To cite RDP, please cite McCoy, K.M., Ackerman, M.E. and Grigoryan, G., 2024. A significance score for protein–protein interaction models through random docking. Protein Science, 33(2), p.e4853.

INTRODUCTION

RD p-value is a statistical significance score for protein-protein interaction models. It is based on the probability of getting a model as good or better than the one provided, by randomly docking the true structure's partners together. The user must chose which relative distance metric to use to score each of the random docks and the model, which will then be used to place the model's score into the distribution of scores of the randomly docked models, generating a p-value. Currently complex RMSD, Receptor + Ligand RMSD, and DOCKQ are possible relative distance metrics. It may also be biased so that random docks must include certain binding residues and/or dock at a given angle or below.

Both RMSDs and DOCKQ require atoms to be matched between the model and true structure. This script's atom-matching process automatically figures out which atoms to pair to one another, only requiring the user to provide which chains represent each binding partner in the true structure (i.e. the chains representing each binding partner in the models do not need to be provided and will be automatically figured out). This functionality is available even in cases of binding partners involving multiple chains, or there being multiple unique binding locations. It can even match multiple chains from the true structure to the same chain on a model, for cases in which multiple chains in the model have the same identifier. This is useful for the output of programs like SnugDock, for example, which requires all antigen chains to be labeled together as "A". It may prove useful those who want to score large numbers of models from disparate methods that number and label chains in varied ways.

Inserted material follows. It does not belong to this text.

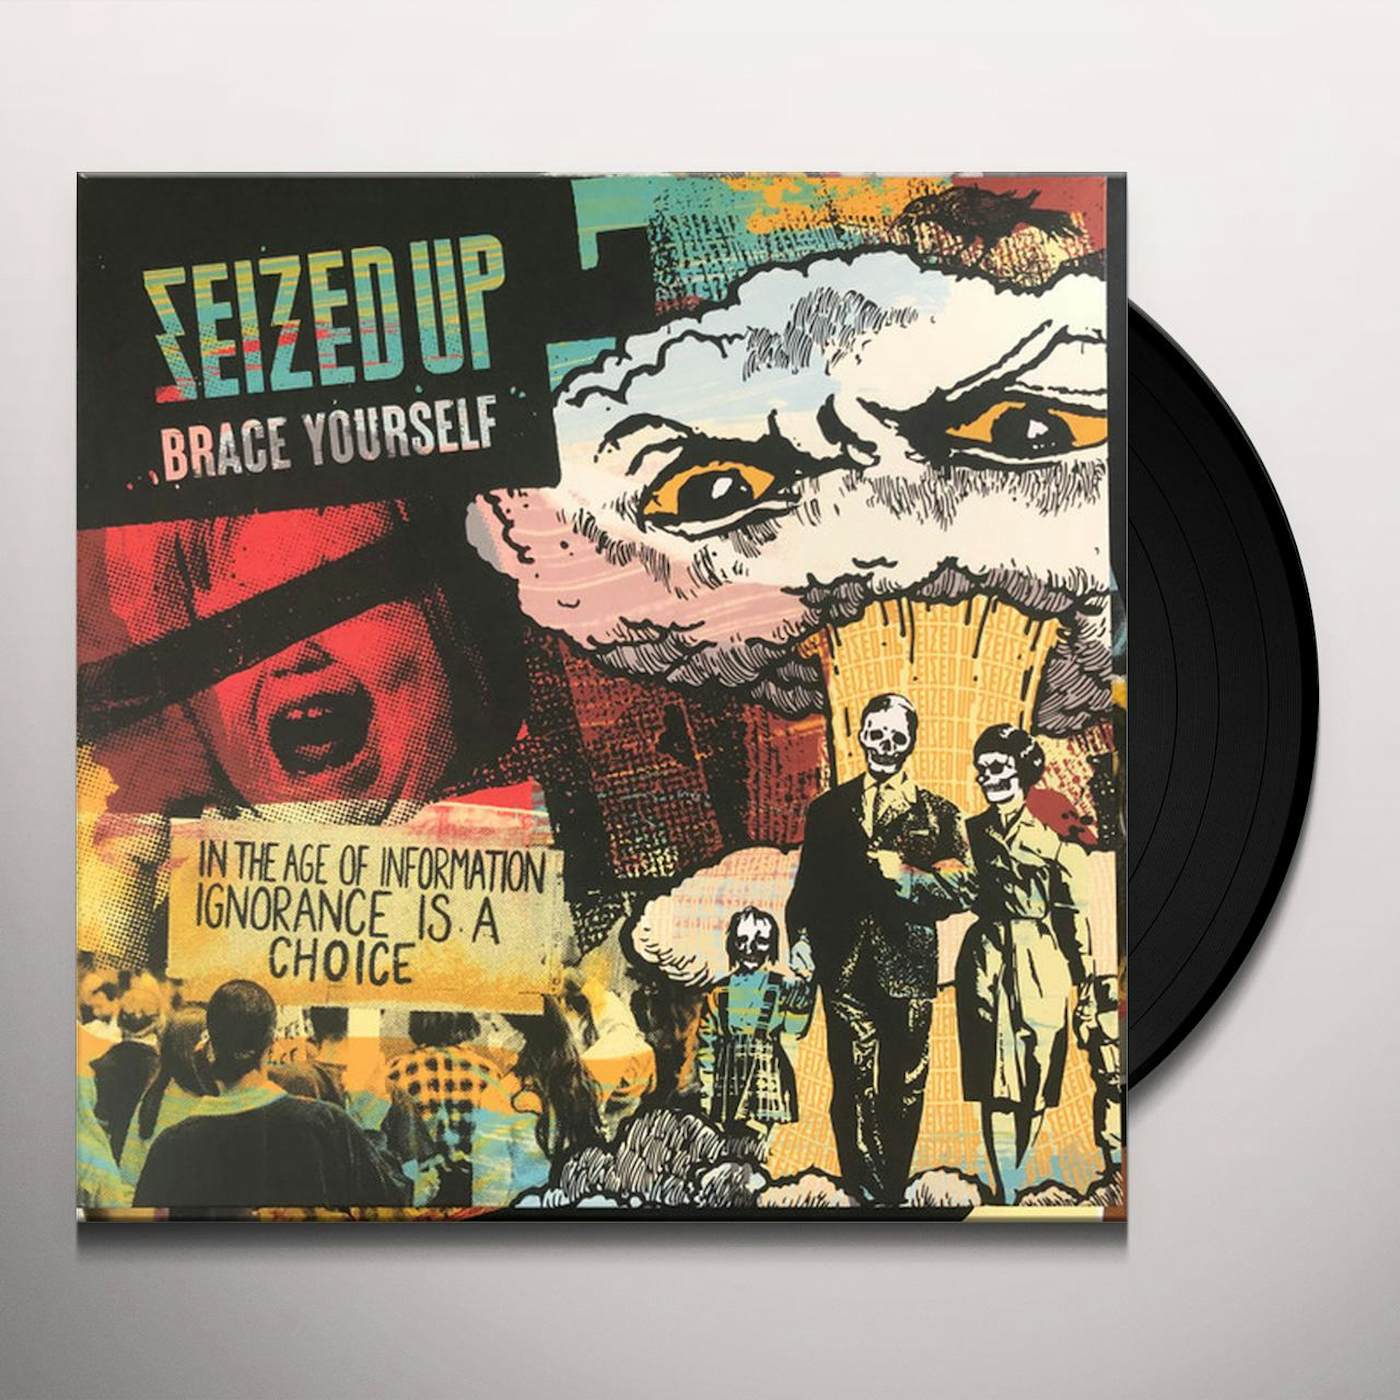 Seized Up Brace Yourself Vinyl Record

It is worth noting that our script can also compute just the underlying distance metrics (RMSDs, DOCKQ) with the -j flag. It is slightly quicker than DOCKQ.py, despite the fact that DOCKQ.py was explicitly given which chains should be paired to each other, while atom_match_n_RD p-value.py was only told the chains for the docking partners in the true structure, and compared all chains to each other to automatically match them. So this script may also prove useful for those who would like a slight increase in speed, or to analyze models with chains that share the same identifier or have different chain naming between models of the same structure, when running many DOCKQ calculations en masse.

SET UP

To set up RDP, please first set up Mosaist, located on GitHub at Grigoryanlab/Mosaist.

Then run RDP's makefile, providing the path to your version of g++ as CC, the path to Mosaist's include subdir as MST_INC_DIR, and the path to MST's objs dir as MST_OBJS_DIR. The version of g++ should be the same one as used by Mosaist. These can be provided as flags or filled into the makefile.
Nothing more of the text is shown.